While Biden as president has delivered on his promise to revert the White House to a policy-making and governing apparatus after its four-year stint as a clearinghouse for cultural grievance, the rest of American politics have refused to follow suit. A disproportionate number of this year’s hot-button political stories — from “cancel culture,” to critical race theory, to the base-pleasing, antagonistic antics of House Republicans like Reps. Matt Gaetz and Madison Cawthorn — have been less substantial political debates than attitudinal ones, about the public character of American life and our rhetorical treatment of its history.

The Biden presidency might have begun on January 20, but in nearly every other way that matters, the “Trump era” never ended.

The 45th president’s all-conflict-all-the-time mode of politics has stuck around past his administration’s expiration date because, for one, it turns out that it just works. Consider Glenn Youngkin’s come-from-behind victory in the Virginia gubernatorial election, driven by animus over local school curriculums and hyper-cautious, blue-state attitudes about Covid restrictions, or the massive fundraising hauls of GOP hopefuls still largely following Trump’s playbook of cultural grievance. Conservative media has continued its dominance by way of a series of ephemeral cultural skirmishes, over everything from Dr. Seuss to an imagined ban on hamburgers. “Let’s Go Brandon,” the thinly-veiled anti-Biden epithet, became a common sports arena chant and cultural phenomenon. Debates over Covid restrictions and vaccine mandates long ago left the realm of the scientific, continuing to rage this year as a proxy for longstanding cultural disagreements.

The stubborn persistence of these conflicts reveals Trump’s definitive political innovation. He didn’t, of course, invent the concept of culture wars or grievance politics; city-vs.-country animus is almost literally as old as civilization. But where past standard-bearers in American politics would politely downplay that aspect of American life (while, yes, nudging and winking at the activist base it most intensely mobilizes), Trump placed it gleefully at the center of his political project, smashing the big blue Culture War Button on his iPhone until they eventually took it away from him.

So consider this an act of — to borrow the term coined by the Washington Post’s David Weigel — “pundit accountability”: To predict a return of milder, early-Obama-era cultural politics was less sagacious analysis than an act of nostalgic wishcasting. But it was also understandable, given the lack of distance from Trump’s presidency available at the time. Although probably not for the reasons he intended, history will deem Trump a transformational president. In breaking a taboo which other politicians had mutually agreed to leave alone, he gave Republicans a powerful political tool — and by doing so, ensured the caustic, divisive cultural politics that defined his presidency would long outlive it.

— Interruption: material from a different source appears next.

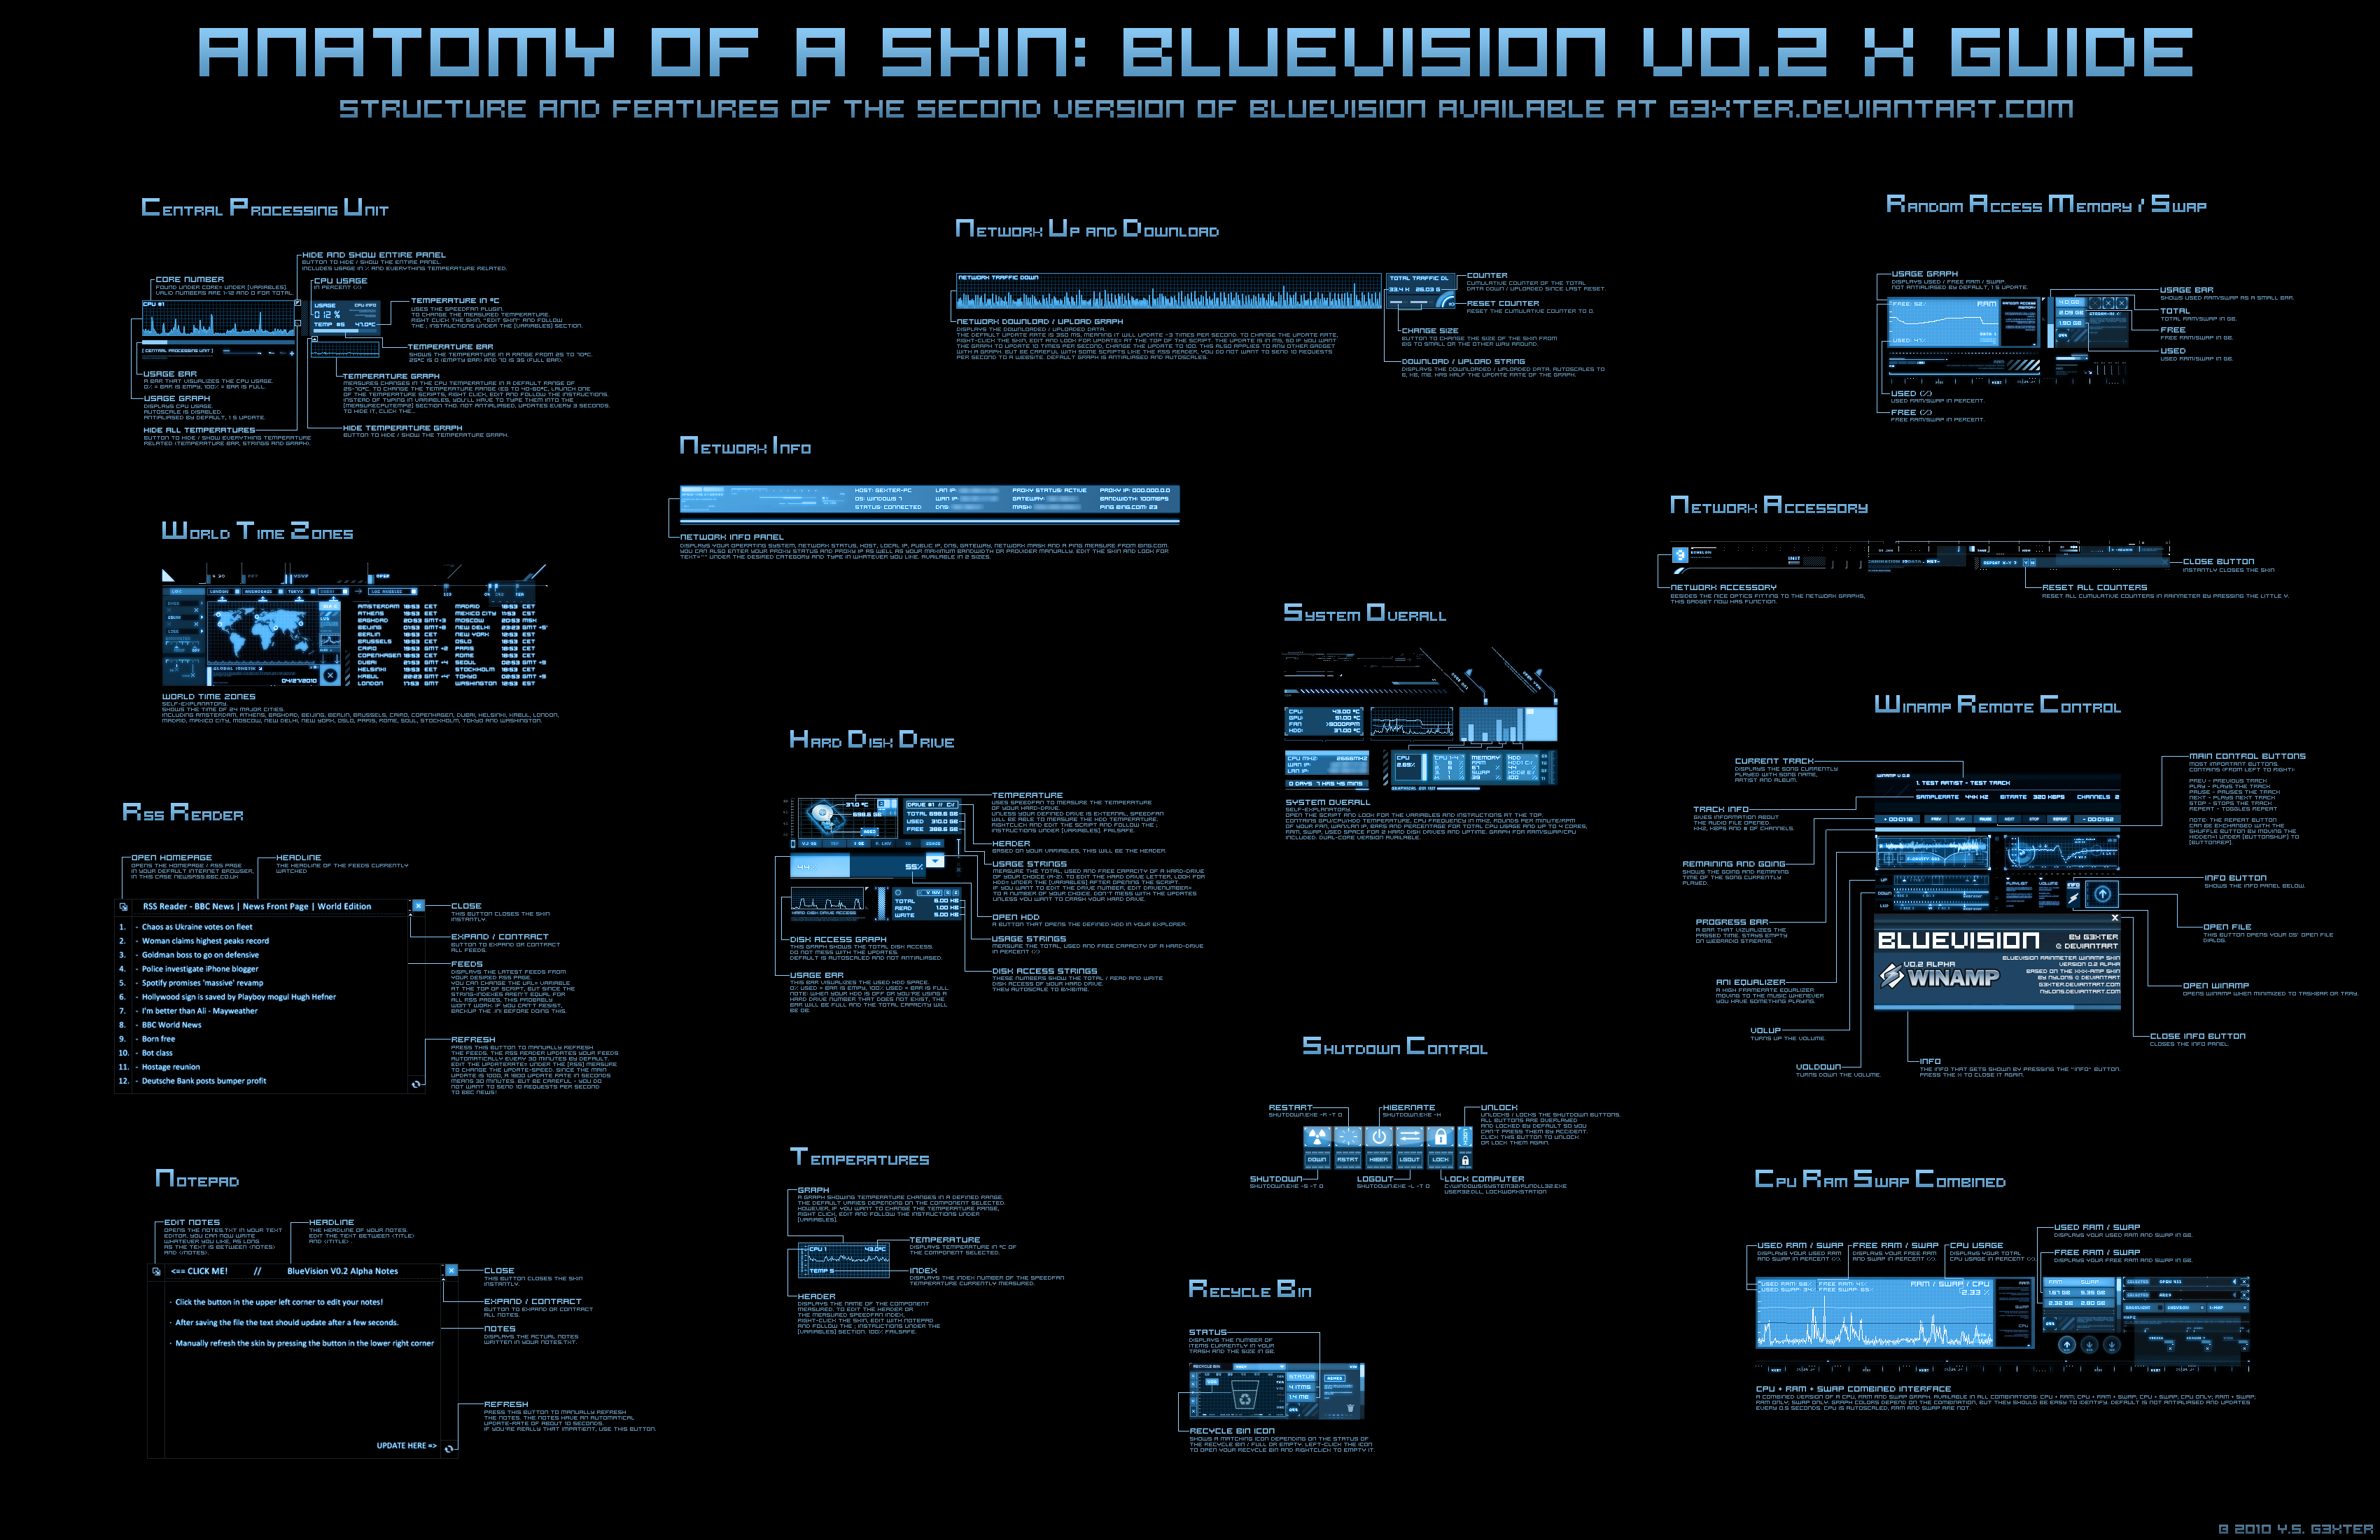 BlueVision V0.2 Alpha X Guide

Trump’s inflammatory, cavalier attitude toward progressive norms and mainstream niceties is his political signature. But it’s taken on a full and uncontrollable life of its own: Look no further than his recent conversation with conservative YouTuber Candace Owens, who (gently) sparred with the president over his vaccine advocacy. In Republican politics, to contradict Trump is to invite almost certain harassment or political ruin. But the anti-“establishment,” folk-libertarian cultural ethos that fuels the anti-vaccine movement is such an ingrained part of the conservative base’s identity that it resists such laws of political nature.

That Frankenstein-like phenomenon took shape in real time during the early months of the Biden administration, as conservatives tried a series of premises on which to wage Trump’s culture war without him. There were the aforementioned controversies over Dr. Seuss and (literal) red meat; the endless Fox News segments about “cancel culture”; even 1990s-style pearl-clutching over a rap music video. Finally, a previously-anonymous political entrepreneur named Christopher Rufo devised, in his own words, a “brand category” under which conservatives could neatly lump all of liberals’ “various cultural insanities”: critical race theory.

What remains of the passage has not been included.